> **WHAT YOU WILL DO**: In your copy, leave out the pictures and output only the lines from the one holding "assure que Di" through the end of the data below, exactly.

*** SUPPLIED MATERIAL ***

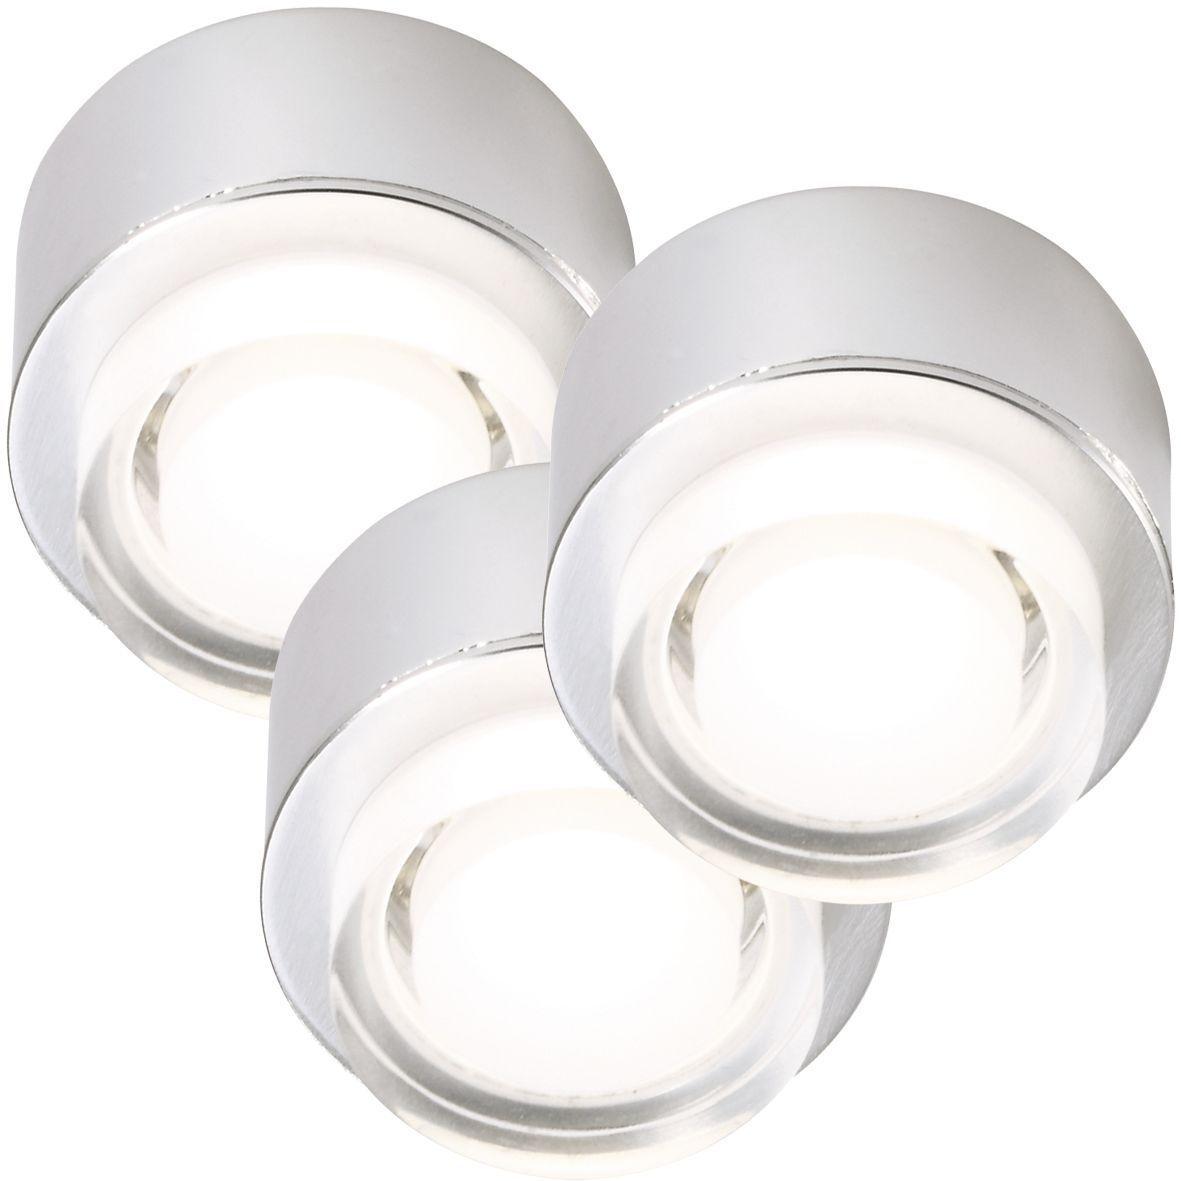 ti aspetto 3-kit LED unna Sottostruttura Luce 12v 12v 12v costruzione Lampada Nordlux sotto Lampada Da Incasso Spot  vendita online
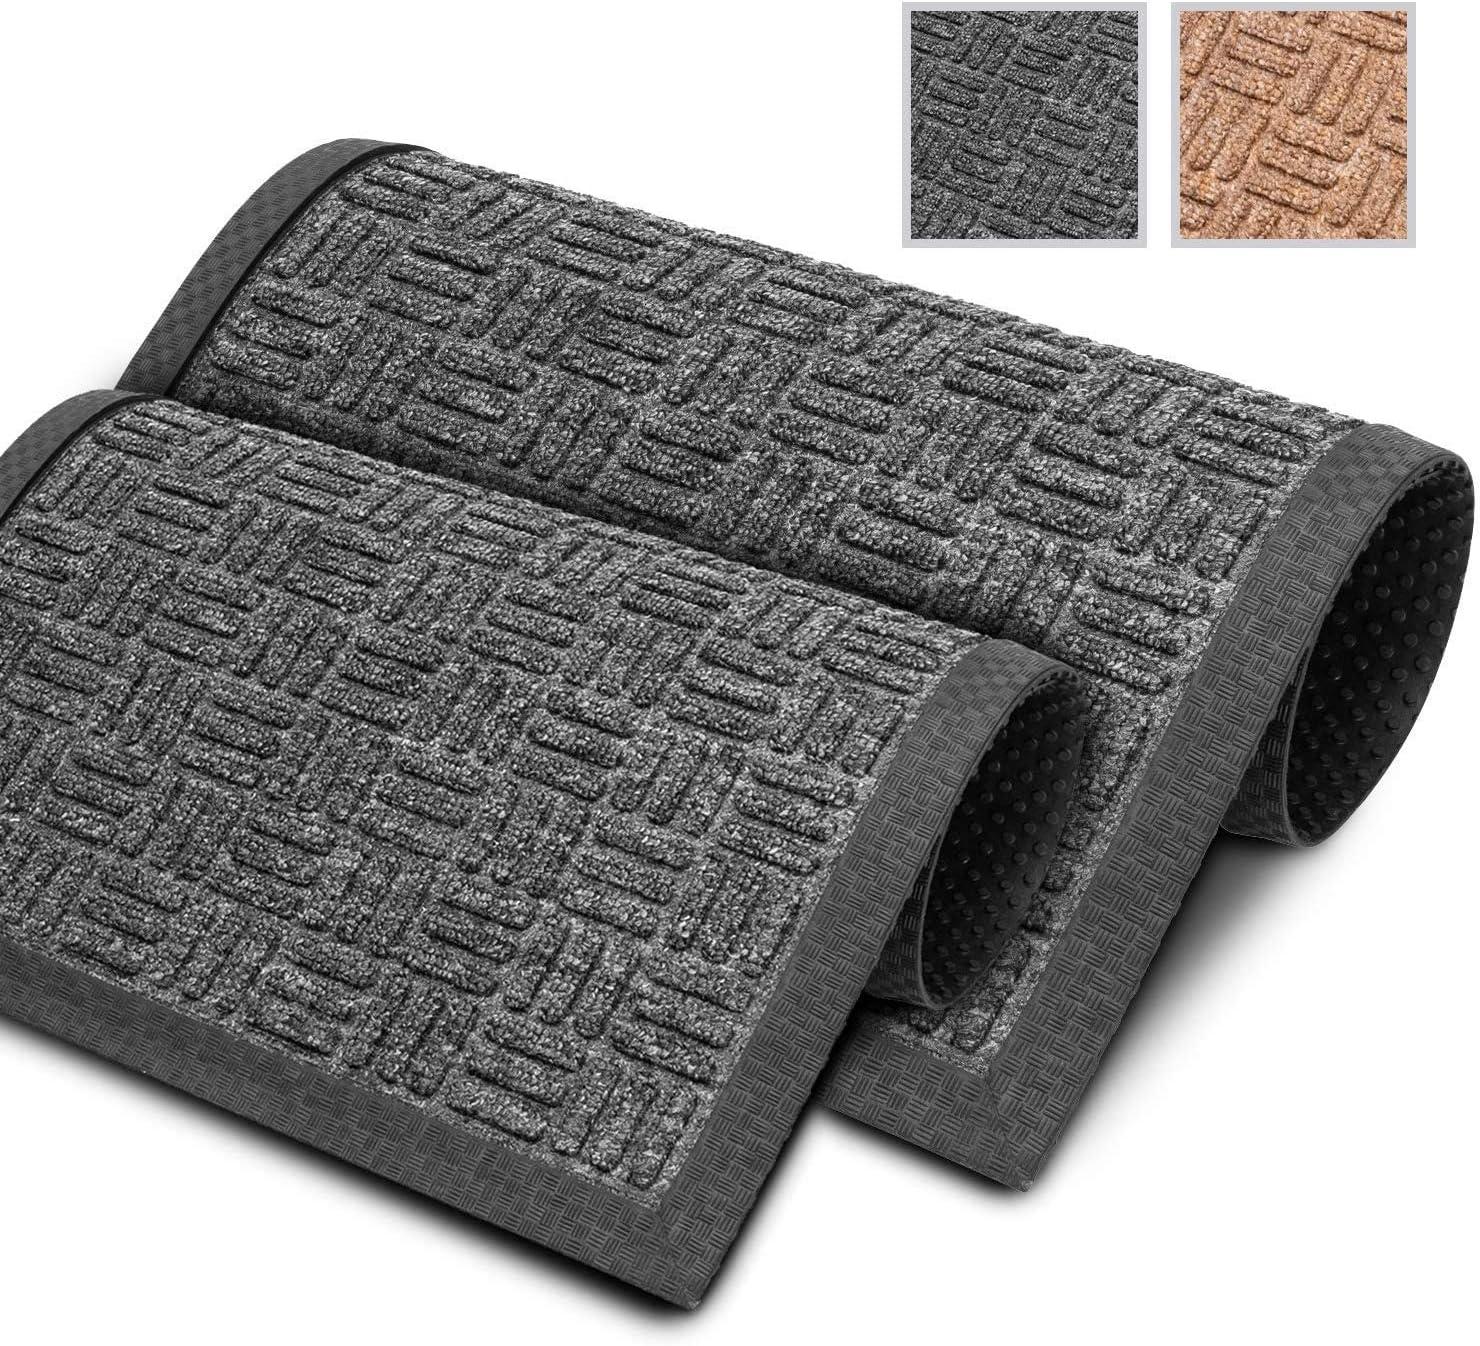 GadHome Felpudo Antisuciedad Exterior, Negro 40x60cm | Alfombrillas Lavables de Alta Resistencia para el Hogar y la Oficina | Fácil de Limpiar, Borde y Base de Caucho Antideslizante, Textura Única
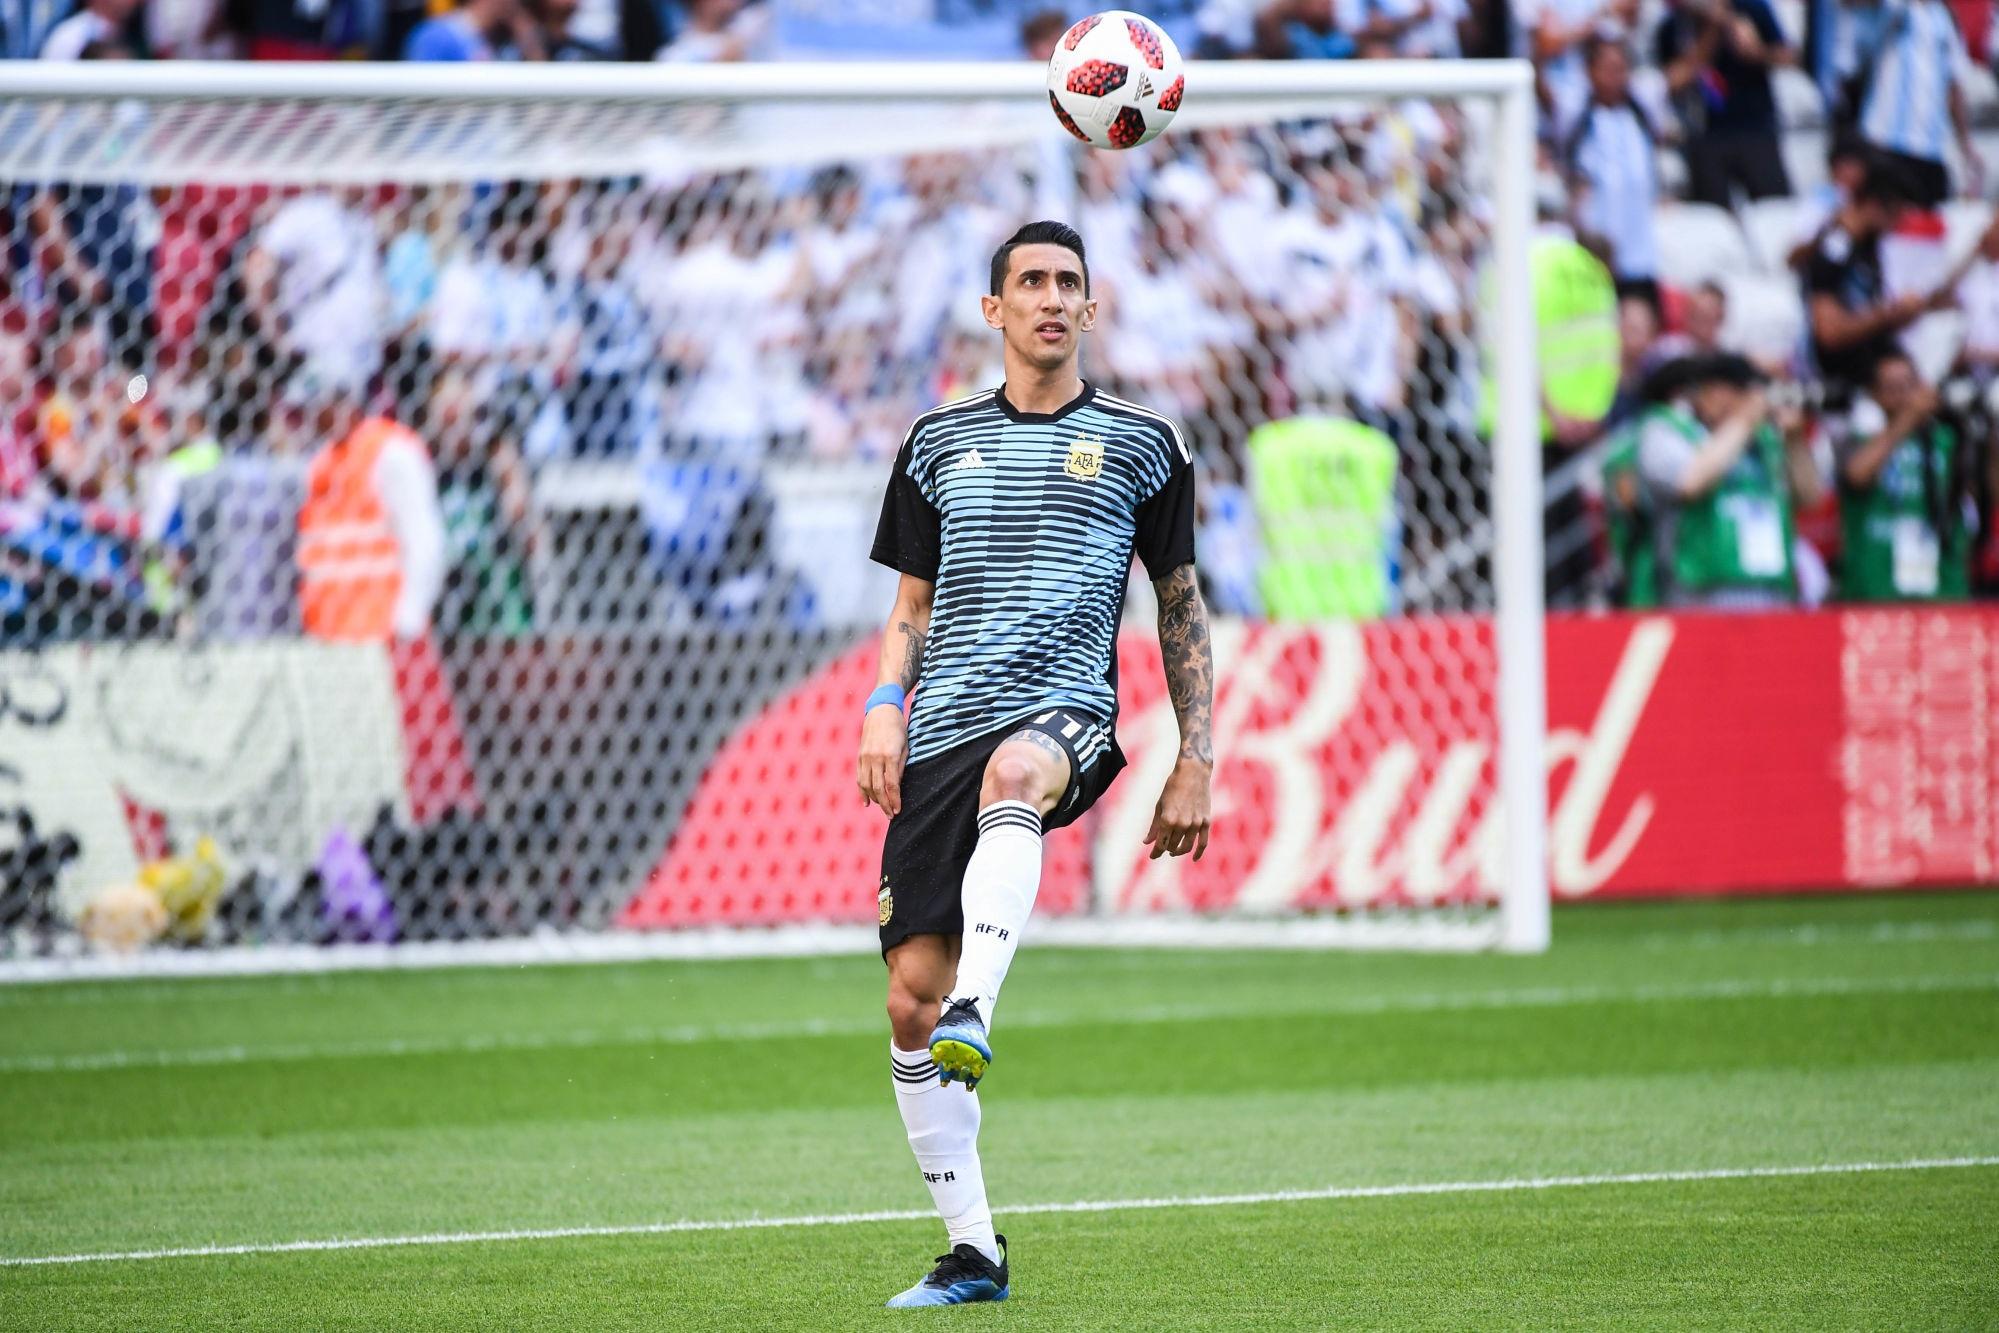 """Paredes assure que Di Maria est """"très heureux"""" de retrouver la sélection de l'Argentine"""
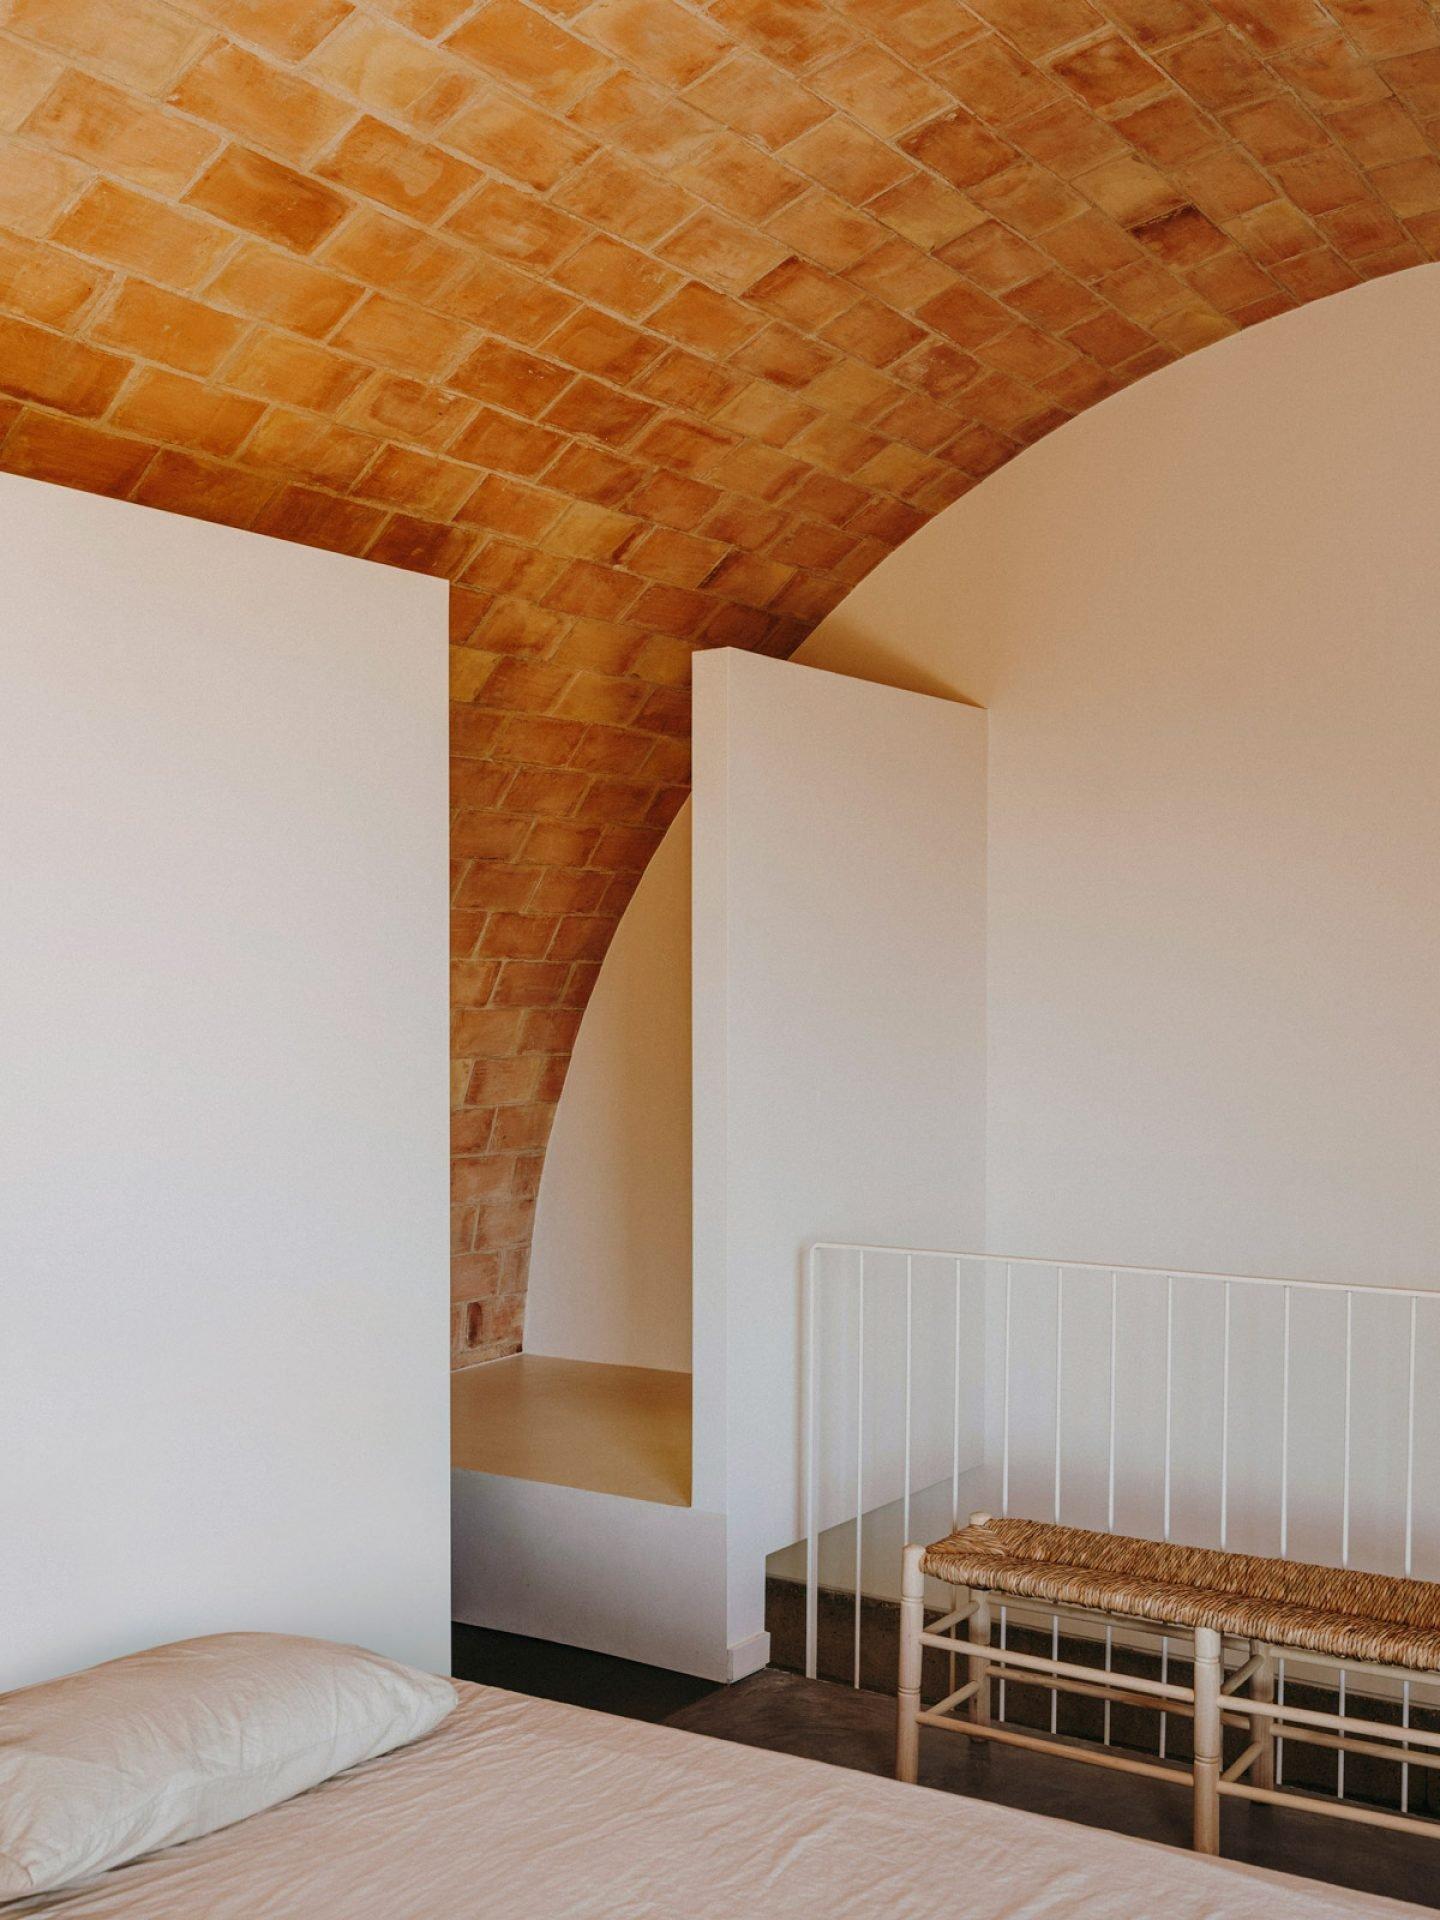 IGNANT-architecture-CasaTer-SalvaLopez-33

***

> **WRITTEN SOLUTION**:
 """Paredes assure que Di Maria est """"très heureux"""" de retrouver la sélection de l'Argentine"""
 IGNANT-architecture-CasaTer-SalvaLopez-33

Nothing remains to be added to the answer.